Data shown section start

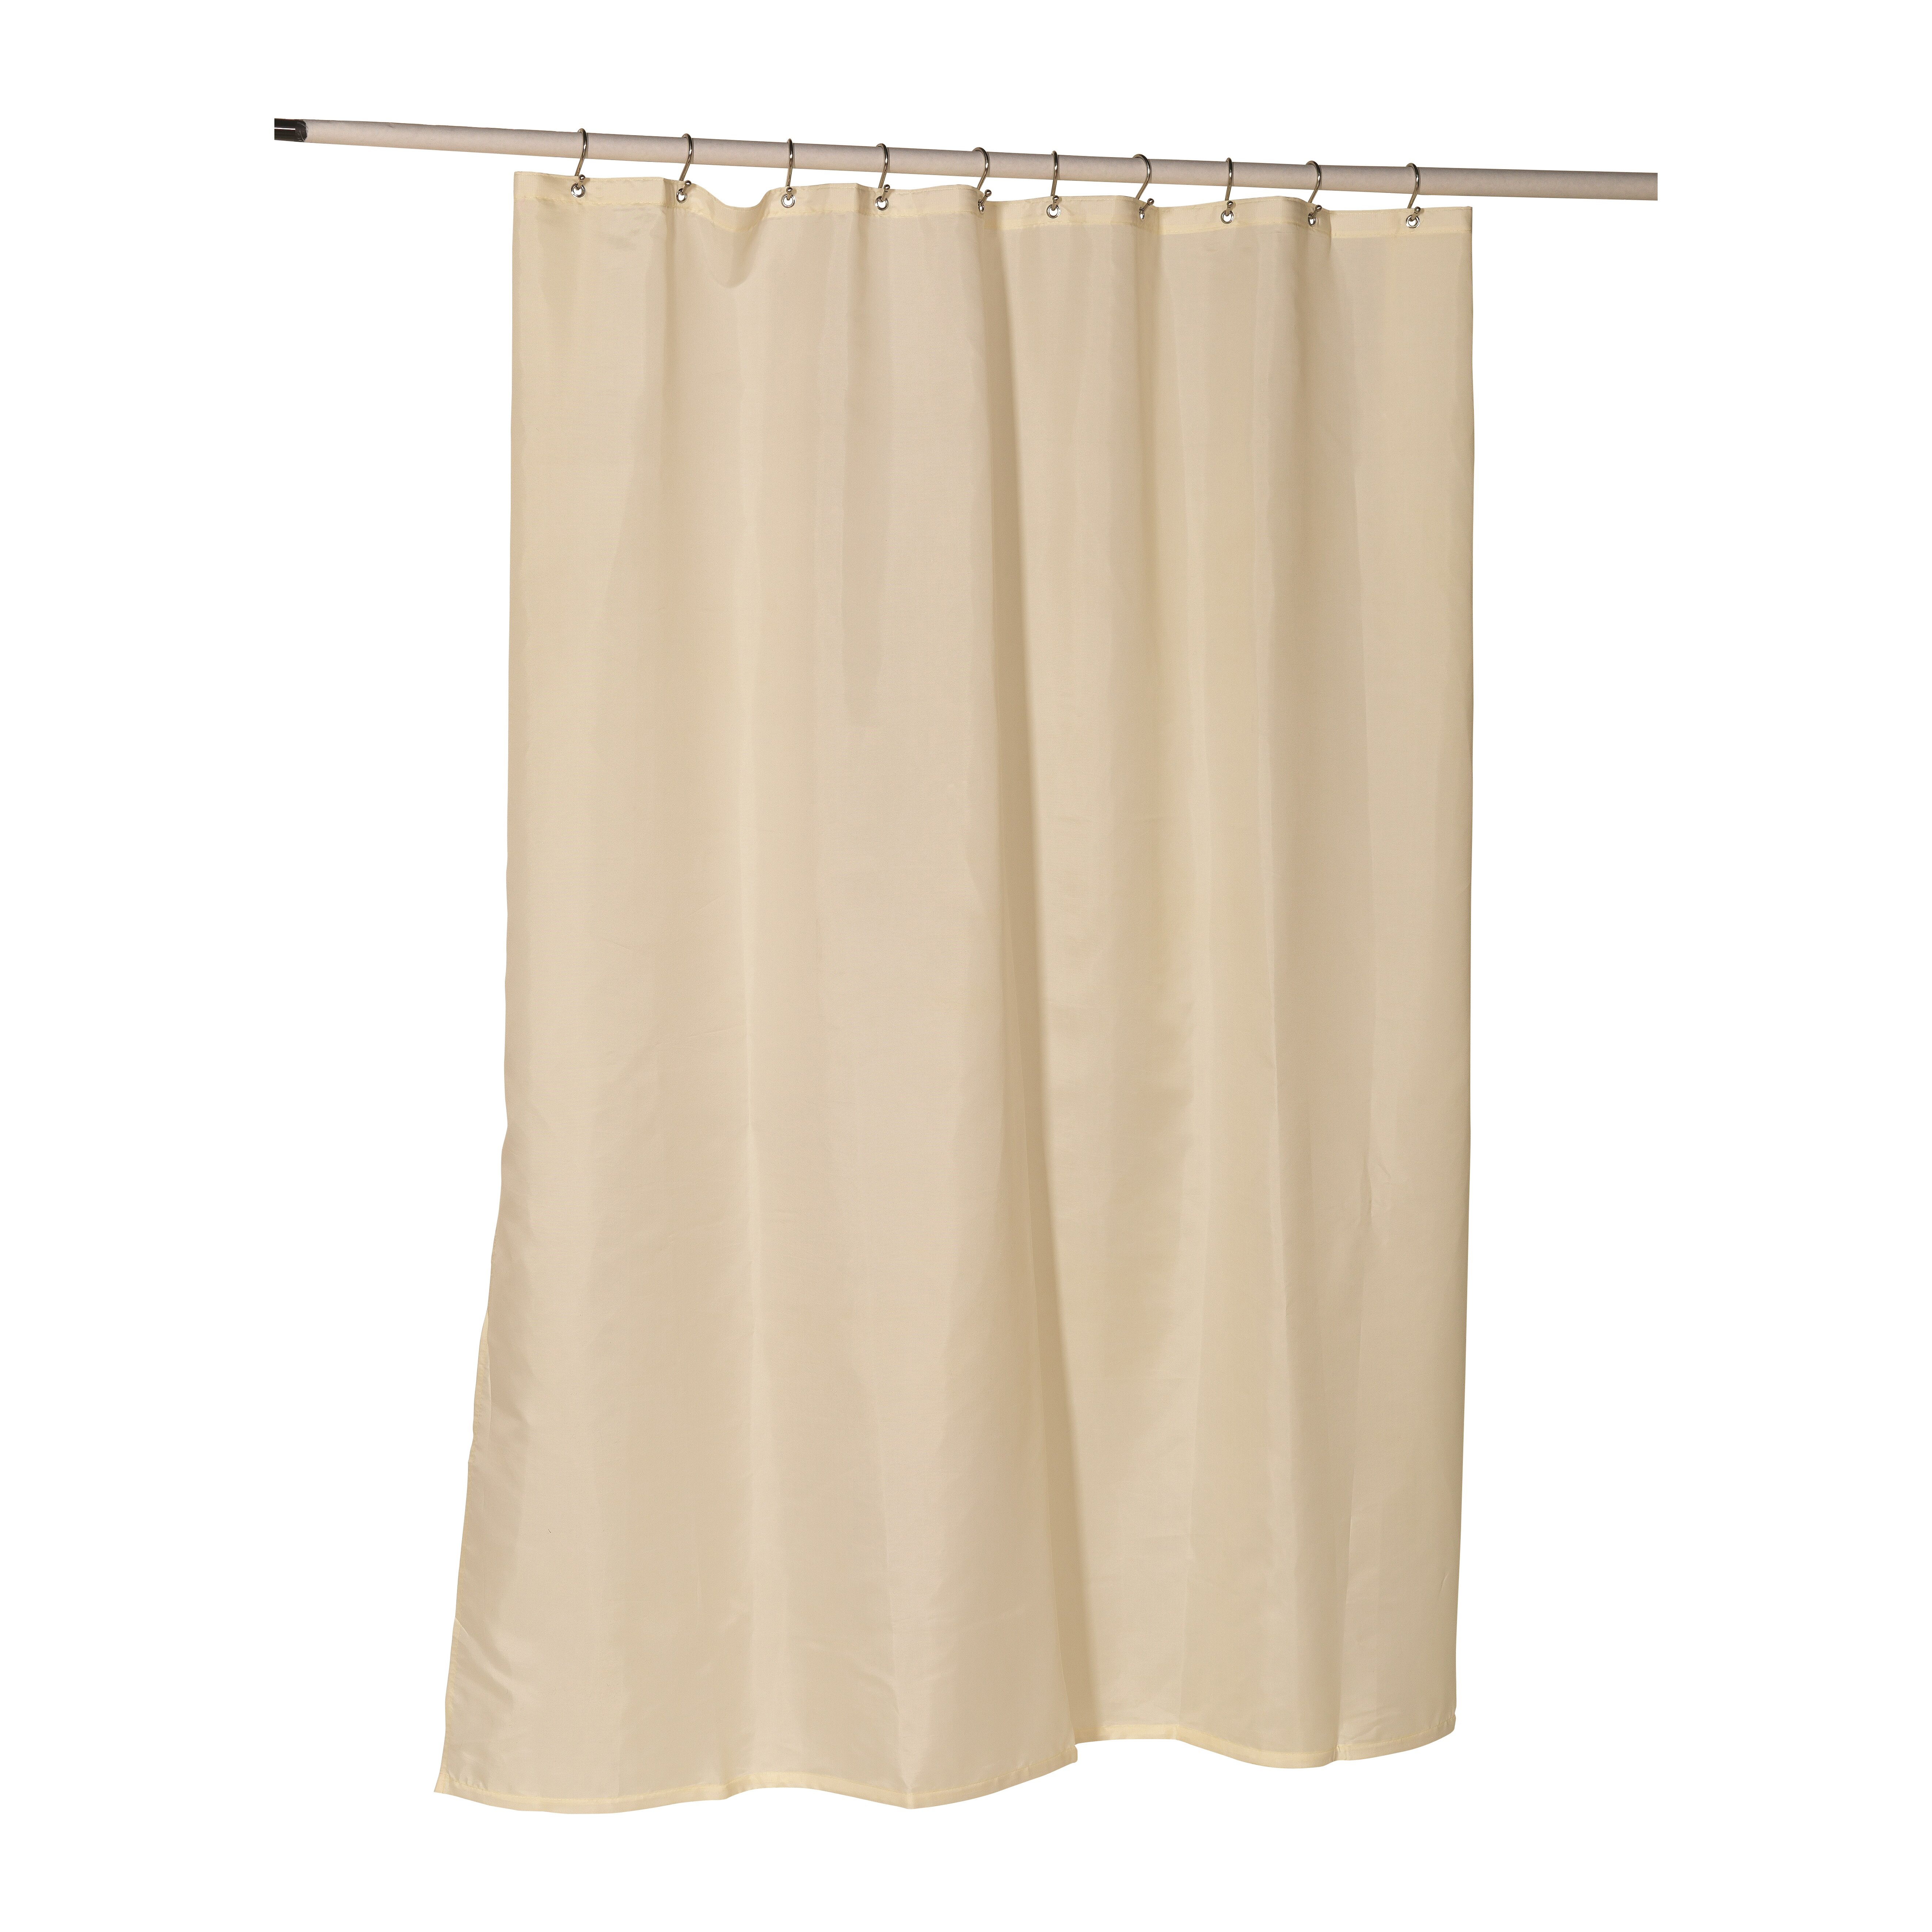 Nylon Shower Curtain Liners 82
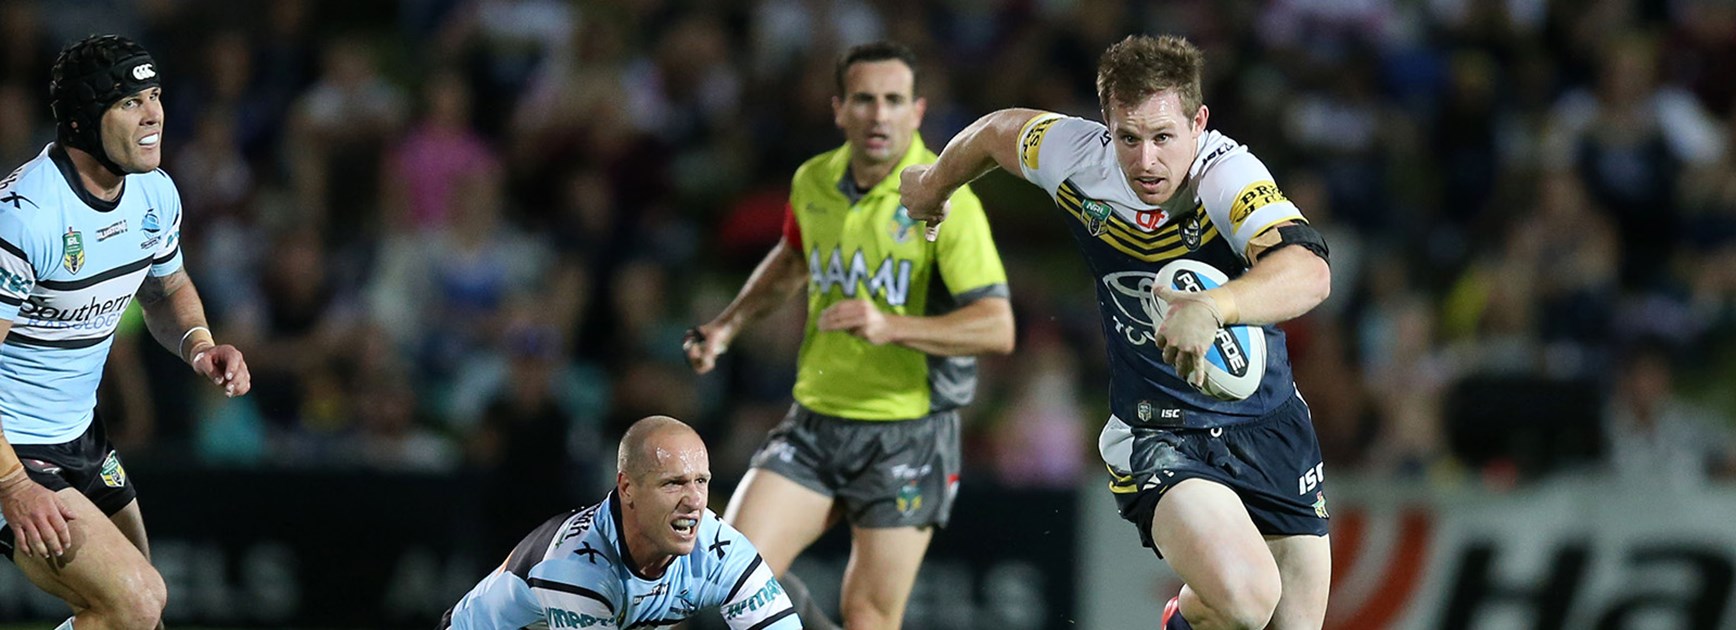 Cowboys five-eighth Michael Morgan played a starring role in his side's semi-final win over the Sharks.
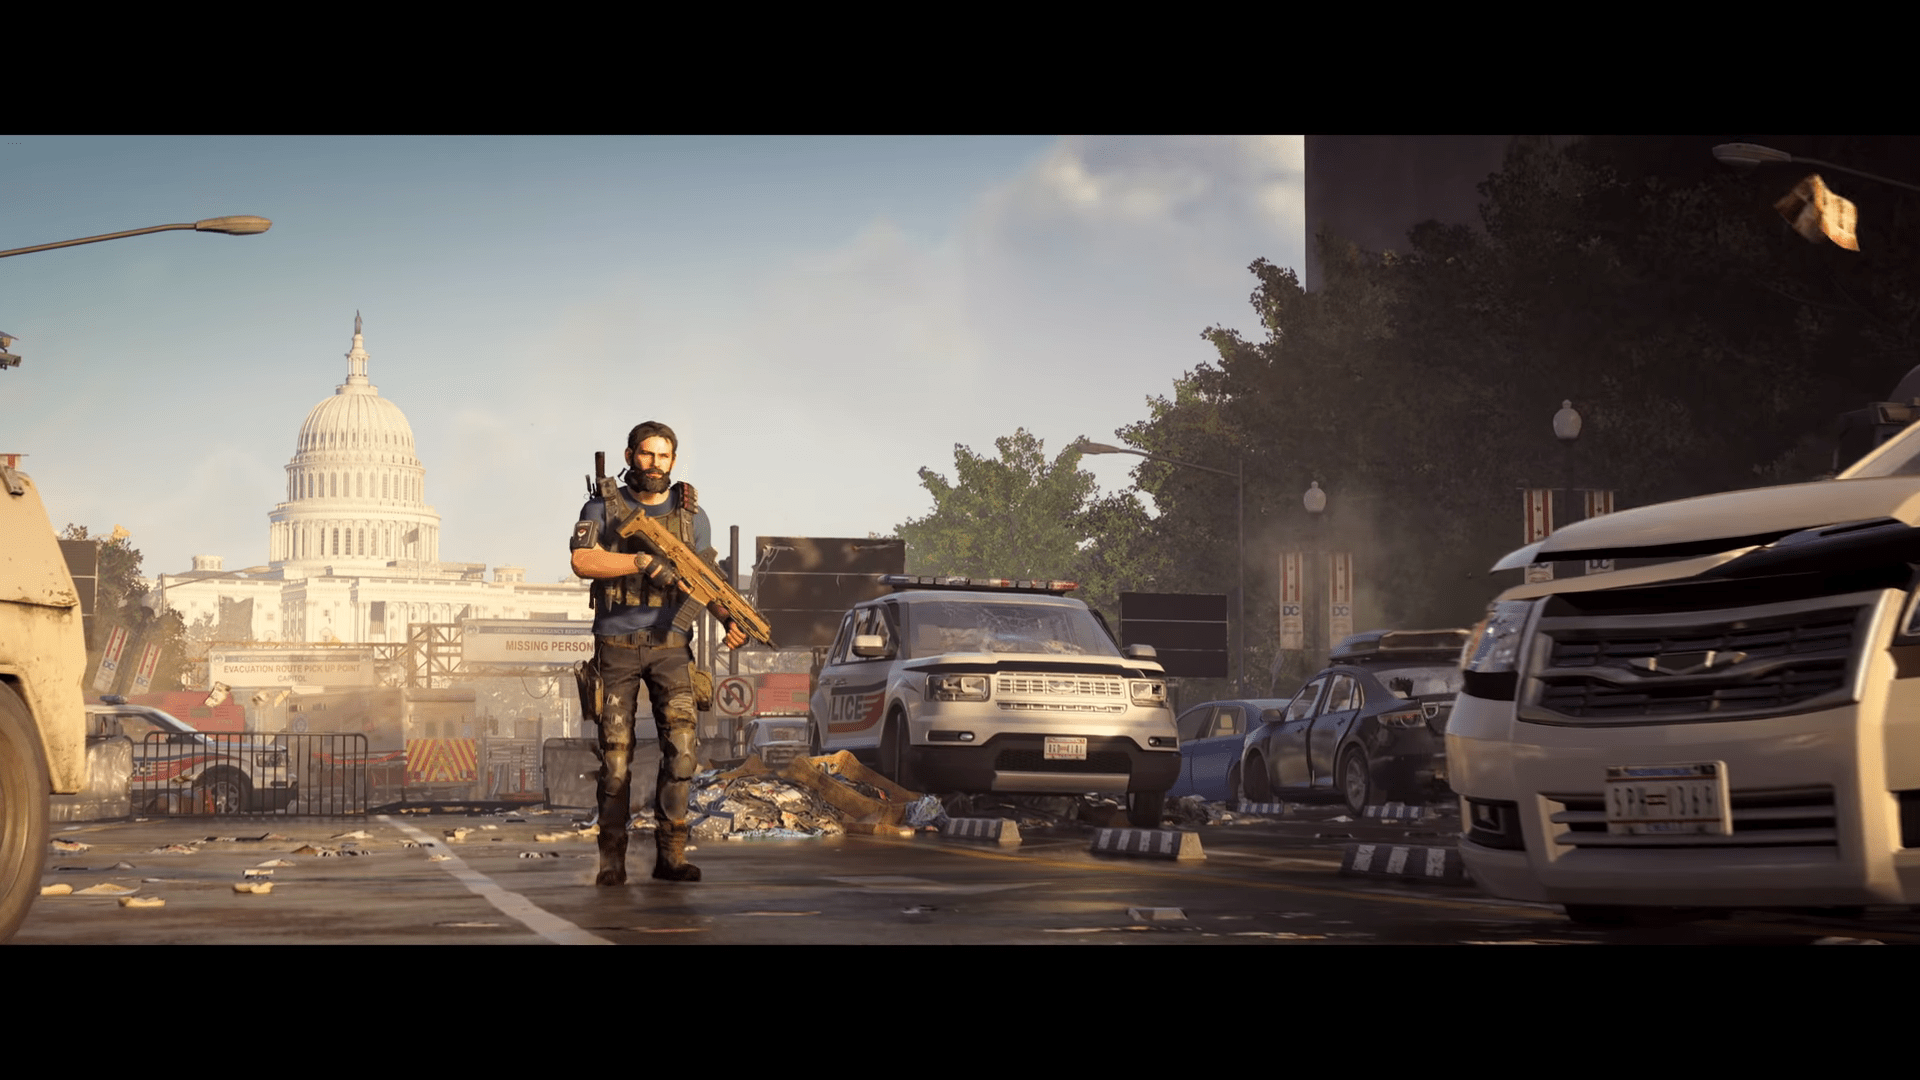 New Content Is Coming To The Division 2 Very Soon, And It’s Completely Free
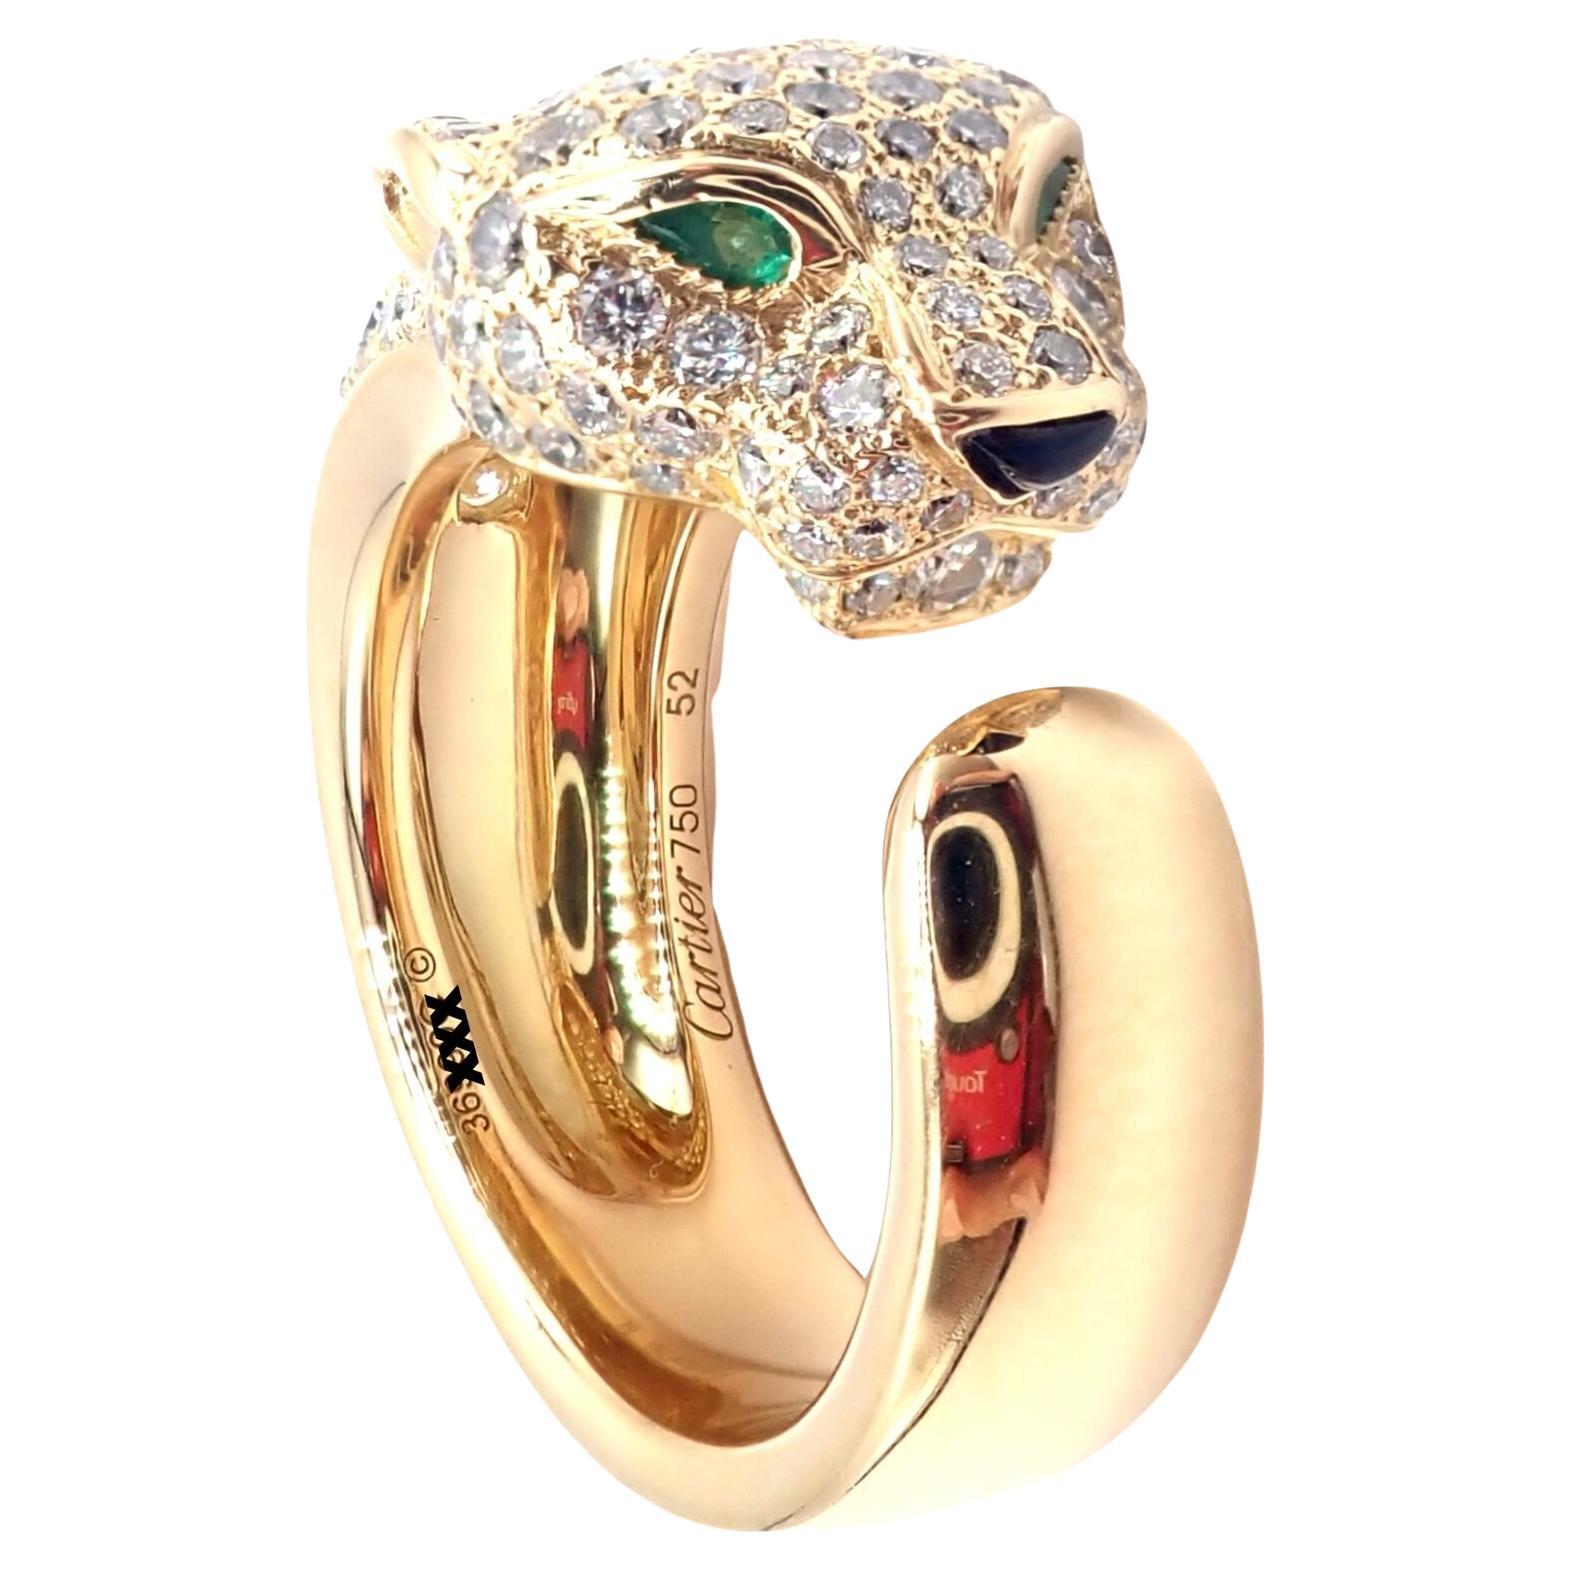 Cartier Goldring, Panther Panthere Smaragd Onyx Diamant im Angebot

Data shown section end

**Exercise objective:** Print the whole listing above once more, word for word, without its pictures.

**Answer space:**
 Nylon Shower Curtain Liners 82
 Cowboys five-eighth Michael Morgan played a starring role in his side's semi-final win over the Sharks.
 New Content Is Coming To The Division 2 Very Soon, And It’s Completely Free
 Cartier Goldring, Panther Panthere Smaragd Onyx Diamant im Angebot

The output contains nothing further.